The first time he was patted down, at Newark Liberty International Airport, Mikey was 2. He cried.
After years of long delays and waits for supervisors at every airport ticket counter, this year’s vacation to the Bahamas badly shook up the family. Mikey was frisked on the way there, then more aggressively on the way home.
“Up your arms, down your arms, up your crotch — someone is patting your 8-year-old down like he’s a criminal,” Mrs. Hicks recounted. “A terrorist can blow his underwear up and they don’t catch him. But my 8-year-old can’t walk through security without being frisked.”
It is true that Mikey is not on the federal government’s “no-fly” list, which includes about 2,500 people, less than 10 percent of them from the United States. But his name appears to be among some 13,500 on the larger “selectee” list, which sets off a high level of security screening.
At some point, someone named Michael Hicks made the Department of Homeland Security suspicious, and little Mikey is still paying the price. (His father, also named Michael Hicks, was stopped for the first time on the Bahamas trip.)
Both lists are maintained by the Terrorist Screening Center, which includes the Federal Bureau of Investigation. They are given to the Transportation Security Administration, which in turn sends them to the airlines.
A spokesman for the T.S.A., James Fotenos, said that as a rule, “there are no children on the no-fly or selectee lists,” but would not comment on Mikey’s situation specifically.
For every person on the lists, hundreds of others may get caught up simply because they share the same name; a quick scan through a national phone directory unearthed 1,600 Michael Hickses. Over the past three years, 81,793 frustrated travelers have formally asked that they be struck from the watch list through the Department of Homeland Security; more than 25,000 of their cases are still pending. Others have taken more drastic measures.
Mario Labbé, a frequent-flying Canadian record-company executive, started having problems at airports shortly after Sept. 11, 2001, with lengthy delays at checkpoints and mysterious questions about Japan. By 2005, he stopped flying to the United States from Canada, instead meeting American clients in France. Then a forced rerouting to Miami in 2008 led to six hours of questions.
“What’s the name of your mother? Your father? When were you last in Japan?” Mr. Labbé recalled being asked. “Always the same questions in different order. And sometimes, it’s quite aggressive, not funny at all.”
Fed up, in the summer of 2008, he changed his name to François Mario Labbé. The problem vanished.

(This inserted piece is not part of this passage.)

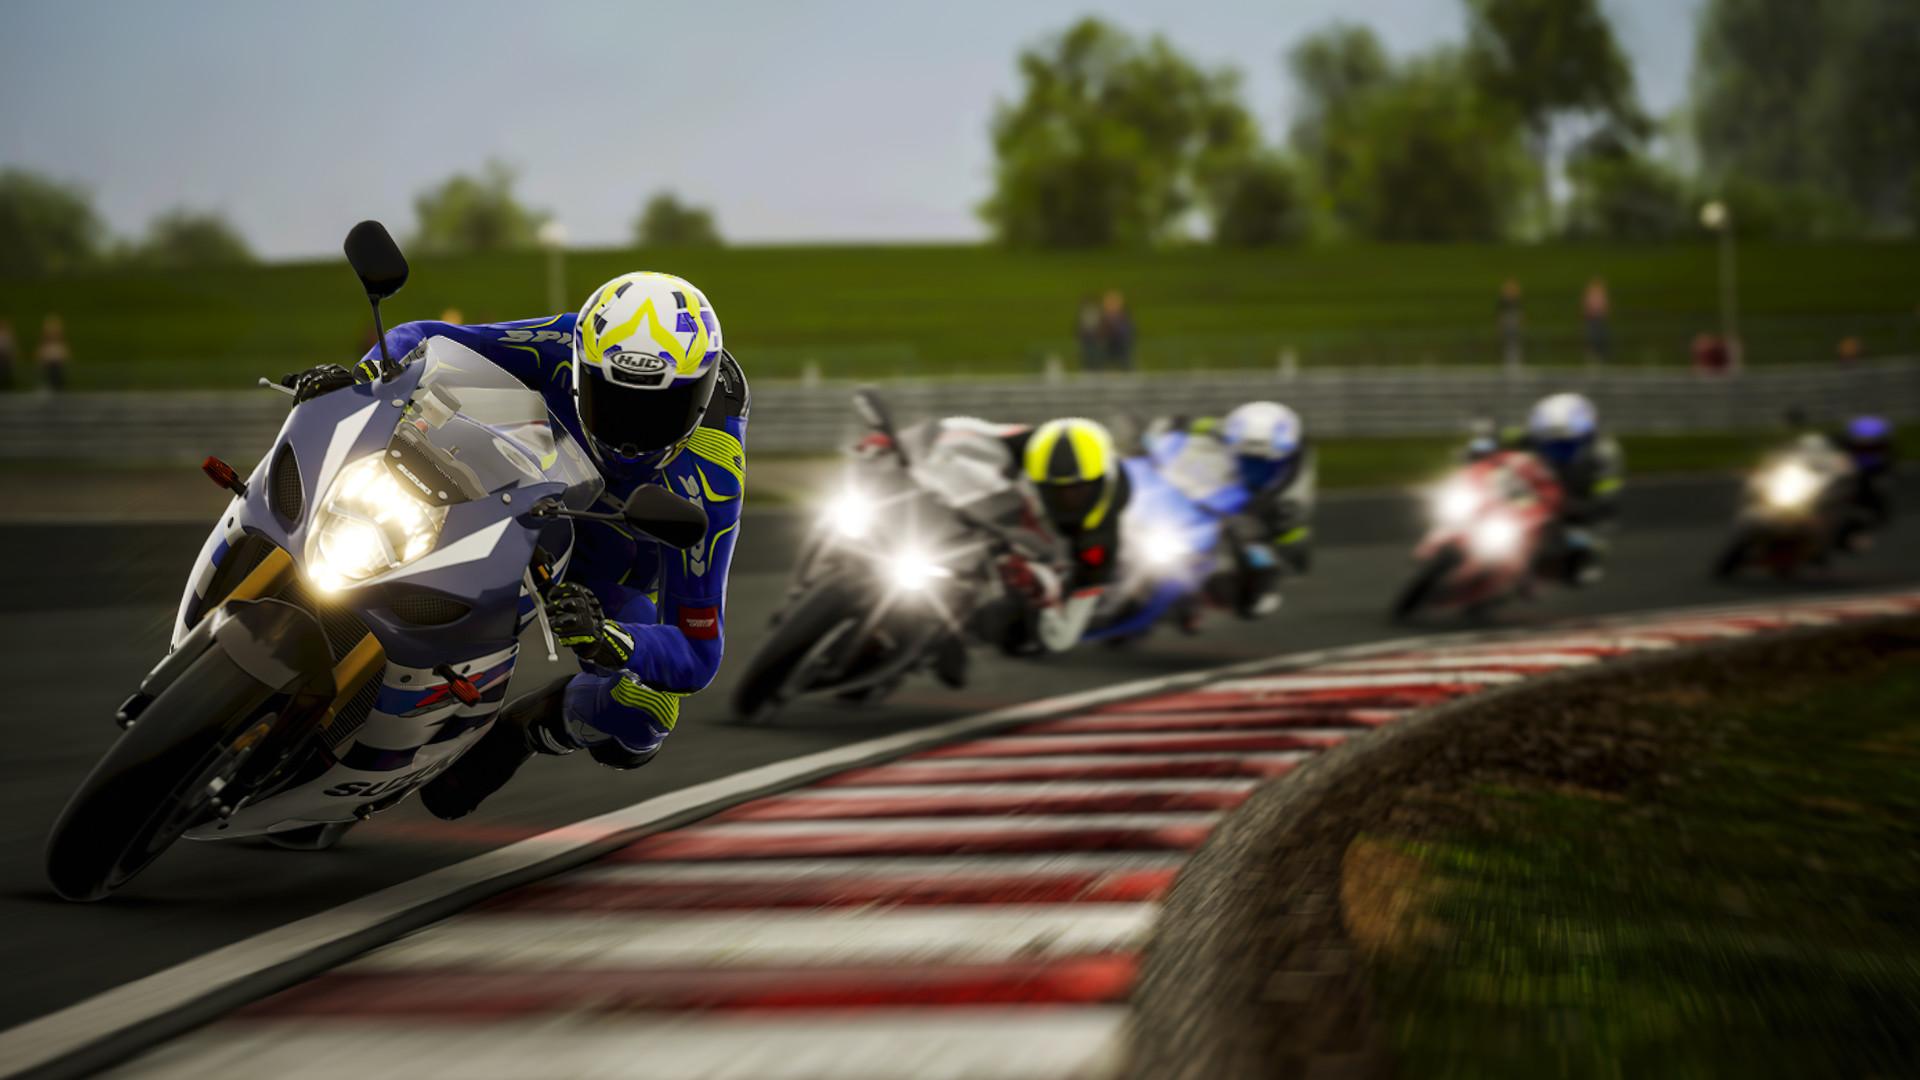 ride-4-pc-screenshot-04

Several Web sites, including the T.S.A.’s own blog, are rife with tales of misidentification and strategies for solving them. Some travelers purposely misspell their own names when buying tickets, apparently enough to fool the system. Even the late Senator Edward M. Kennedy once found himself on a list.
“We can’t just throw a bunch of names on these lists and call it security,” said Representative William J. Pascrell Jr., a New Jersey Democrat. “If we can’t get an 8-year-old off the list, the whole list becomes suspect.”